Two Structural Domains Mediate Two Sequential Events in [gamma]-Zein Targeting: Protein Endoplasmic Reticulum Retention and Protein Body Formation.

M I Geli 1, M Torrent 1, D Ludevid 1
PMCID: PMC160571  PMID: 12244234

Abstract

[gamma]-Zein is a maize storage protein synthesized by endosperm cells and stored together with [alpha]- and [beta]-zeins in specialized organelles called protein bodies. Previous studies have shown that in maize there is only one type of protein body and it is derived directly from the endoplasmic reticulum (ER).
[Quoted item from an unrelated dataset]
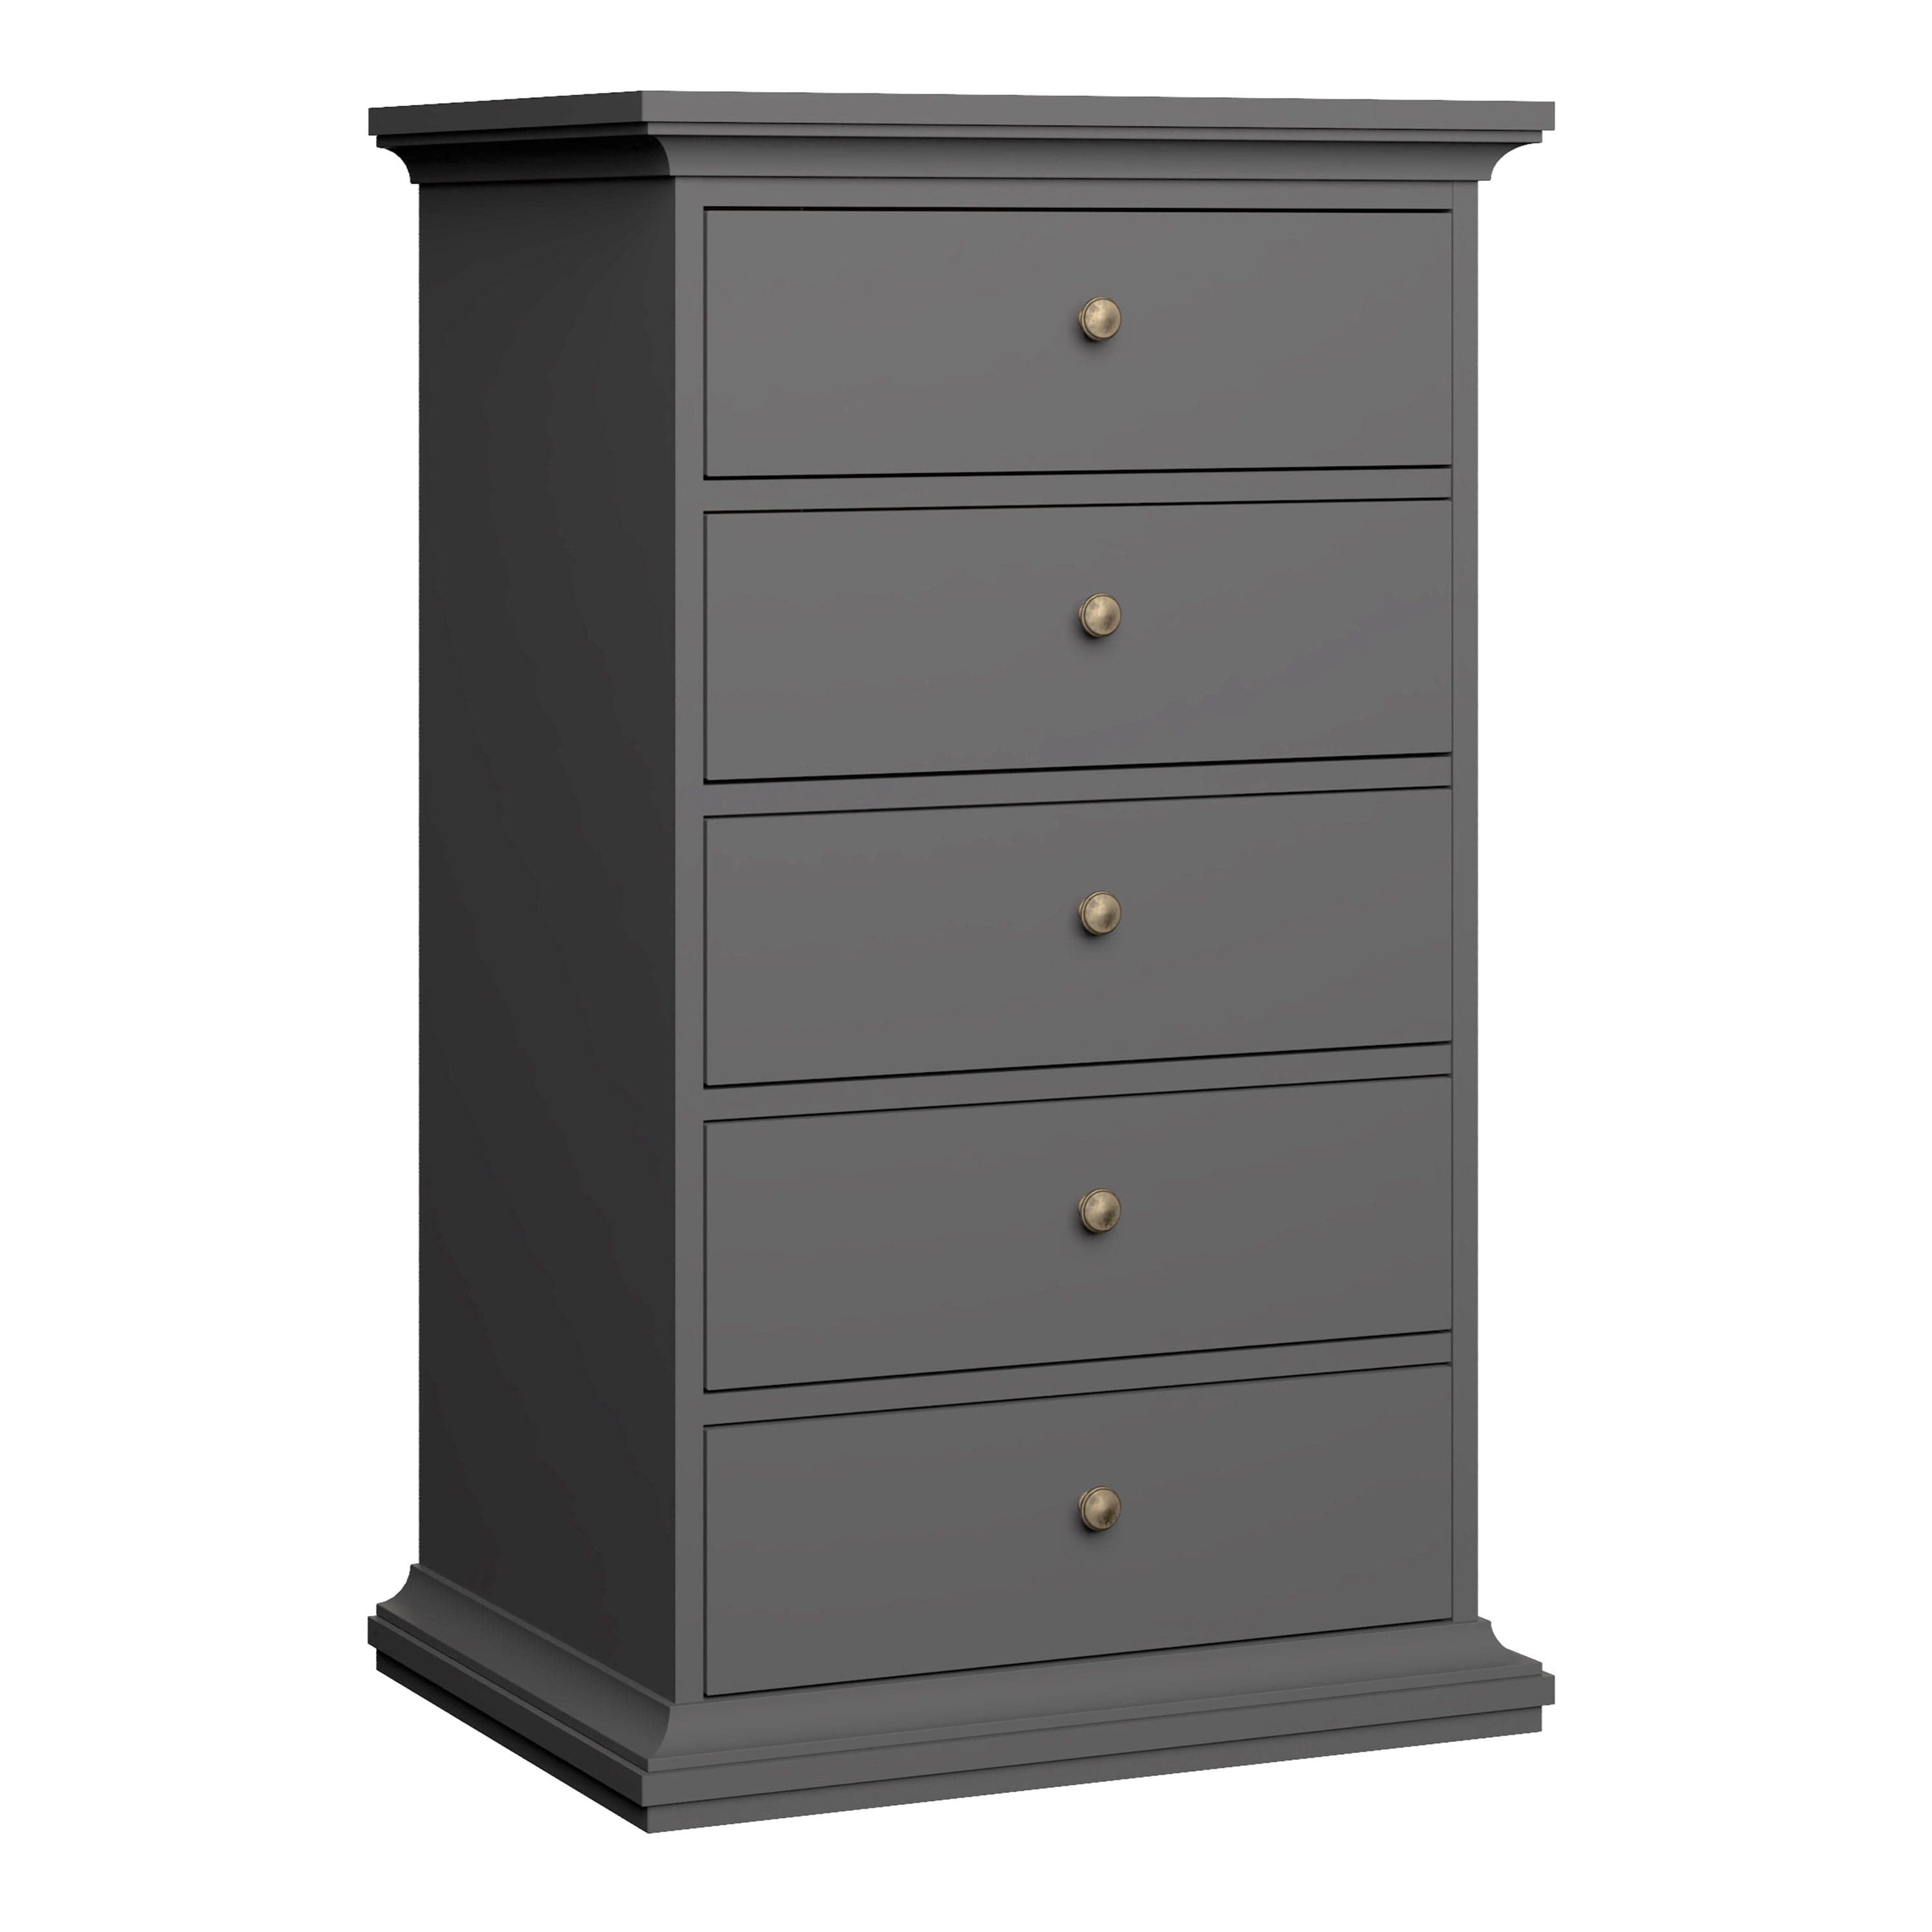 FTG Chest Of Drawers Paris Chest of 5 Drawers in Matt Grey Bed Kings

In this article, we describe the domains of [gamma]-zein involved in ER retention and the domains involved in protein body formation. To identify the signal responsible for [gamma]-zein retention in ER-derived protein bodies, DNAs encoding various deletion mutants of [gamma]-zein were constructed and introduced into Arabidopsis as a heterologous system. By using pulse-chase experiments and immunoelectron microscopy, we demonstrated that the deletion of a proline-rich domain at the N terminus of [gamma]-zein puts an end to its retention in the ER; this resulted in the secretion of the mutated protein. The amino acid sequence of [gamma]-zein necessary for ER retention is the repeat domain composed of eight units of the hexapeptide PPPVHL. In addition, we observed that only those [gamma]-zein mutants that contained both the proline-rich repeat domain and the C-terminal cysteine-rich domain were able to form ER-derived protein bodies. We suggest that the retention of [gamma]-zein in the ER could be a result of a protein-protein association or a transient interaction of the repeat domain with ER membranes.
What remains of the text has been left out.